Yes, sir, said Dreiser.
And now, seated in a hansom cab bound for Macbeth’s Galleries, he crosses one knee over the other, and drafts his editorial on the back of a business envelope. Take away the little girl’s dolly, he writes, and you have interfered with the nascent expression of motherhood. You have implanted the race-suicide idea where it works the most hard–in the very hearts of the babes themselves. Mothers! Bring your babies back to dollies, or you will have weaned the grownups of the future from the babies that will never be.
Finished, he folds the envelope in half, and sticks it away into his coat. But what’s that sound–that tattoo on the roof? It’s raining! Damn it all, it’s begun to rain! And Dreiser with no overshoes! Without an umbrella! This is just fine! Oh, this is just fine and dandy! If he gets soaked and comes down this evening with a bad cold, he’ll get no sympathy from his wife. Because she told him when he left the flat this morning, she warned him, Now don’t go anywhere today without your overshoes and an umbrella, it’s going to rain, I feel it in my elbow. Now, promise me, Honeybugs, that you won’t go out in the rain without protection.
And he promised, but then broke his promise, and now look! It’s pouring out!
And it’s still pouring when the cab arrives at the gallery, so Theodore Dreiser instructs the hack man to just keep going, to keep going around and around the block till the goddamn clouds roll away.
♦
Macbeth has never seen anything to match it, and he’s been in the art business for more than twenty years. The place is jammed, has been since nine-thirty: men and women, at least 300 an hour, pushing and shoving, jostling and elbowing one another, standing on their tiptoes; surging. What a glorious hubbub! An event. If this keeps up, the catalogs will be gone by tomorrow. And the elevator operator dead from exhaustion. Wonderful!

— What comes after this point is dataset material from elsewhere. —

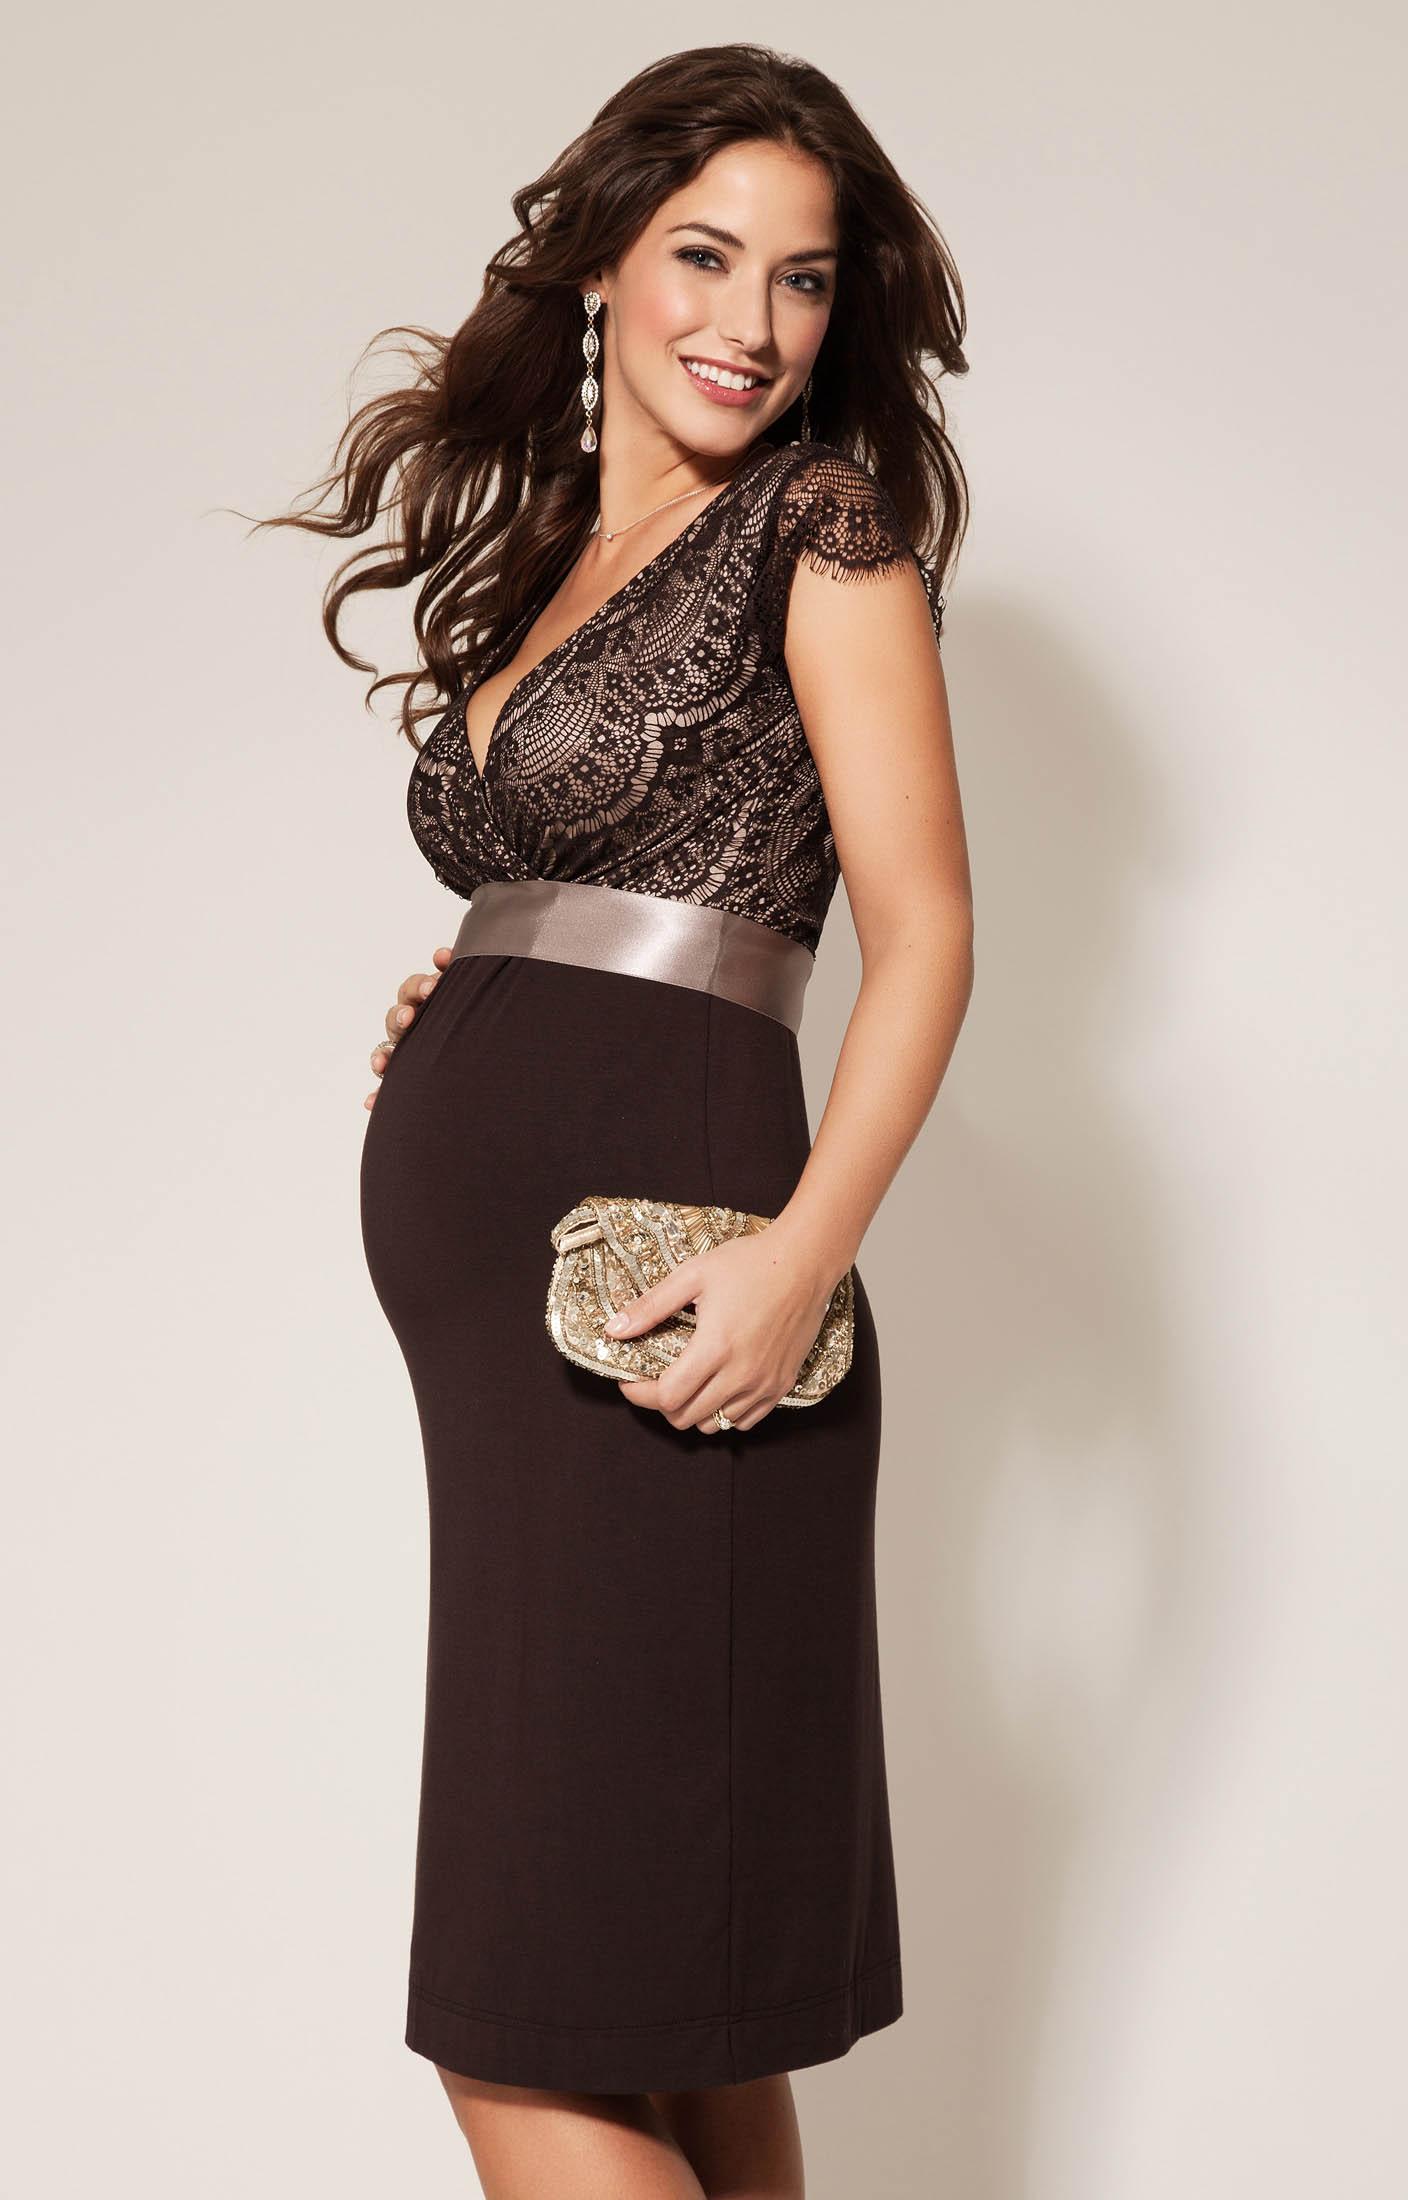 d835f2568e5bc Maternity Dresses Uk - Dress Foto and Picture

Suddenly: another bark of derisive laughter. This time directed at George Luks’ Woman with Macaws. (Parrots!) And now a groan of revulsion; the object–Robert Henri’s Laughing Child. (Looks like an inbreed!) And yet another exclamation of priggish chagrin, over by the wall of Sloans. No doubt occasioned by a lady’s first glimpse at The Cot. Gets ’em every time. It’s erotic, all right, even though the lady in the picture is wearing a two-dollar department-store nightgown and doing nothing saucier than inspecting her toes. It’s the cleavage. Leaning over the way she is, you can see a bit of her cleavage. It’s the cleavage. And the rumpled bedclothes. And the mood. Women have been blushing before it all morning long. And men harrumphing: as they take their second, third…and fourth looks at it.
Mr. William Macbeth sits placidly smiling behind his desk; out of view, his feet and legs, meanwhile, are doing a rather antic jig. Gracious! This is going to be good!
Here comes the elevator again!
♦
Sloan can’t be serious. Not going? How can he not go? After all the preparation, the hard work, the anxiety, Sloan simply must go and see for himself. Crowds, Jack! You heard what Mr. Macbeth said on the telephone–crowds! Oh, come along with us, says Dolly, all bundled up in her coat, hat on and ready to leave. You deserve to see this.
But Sloan stubbornly shakes his head. The paintings will be hanging a full two weeks–he’ll go some other day. He’s far too busy this afternoon for any gallivanting: there’s a word-puzzle he must design for the Philadelphia Press; design, and then mail before the post office closes. And he has to look over a long story that he’s supposed to illustrate for Collier’s–he hasn’t even read it yet! What if it turns out to be an historical thing, what if he has to run to the library and research costumes? No, he’ll not be going to Macbeth’s today.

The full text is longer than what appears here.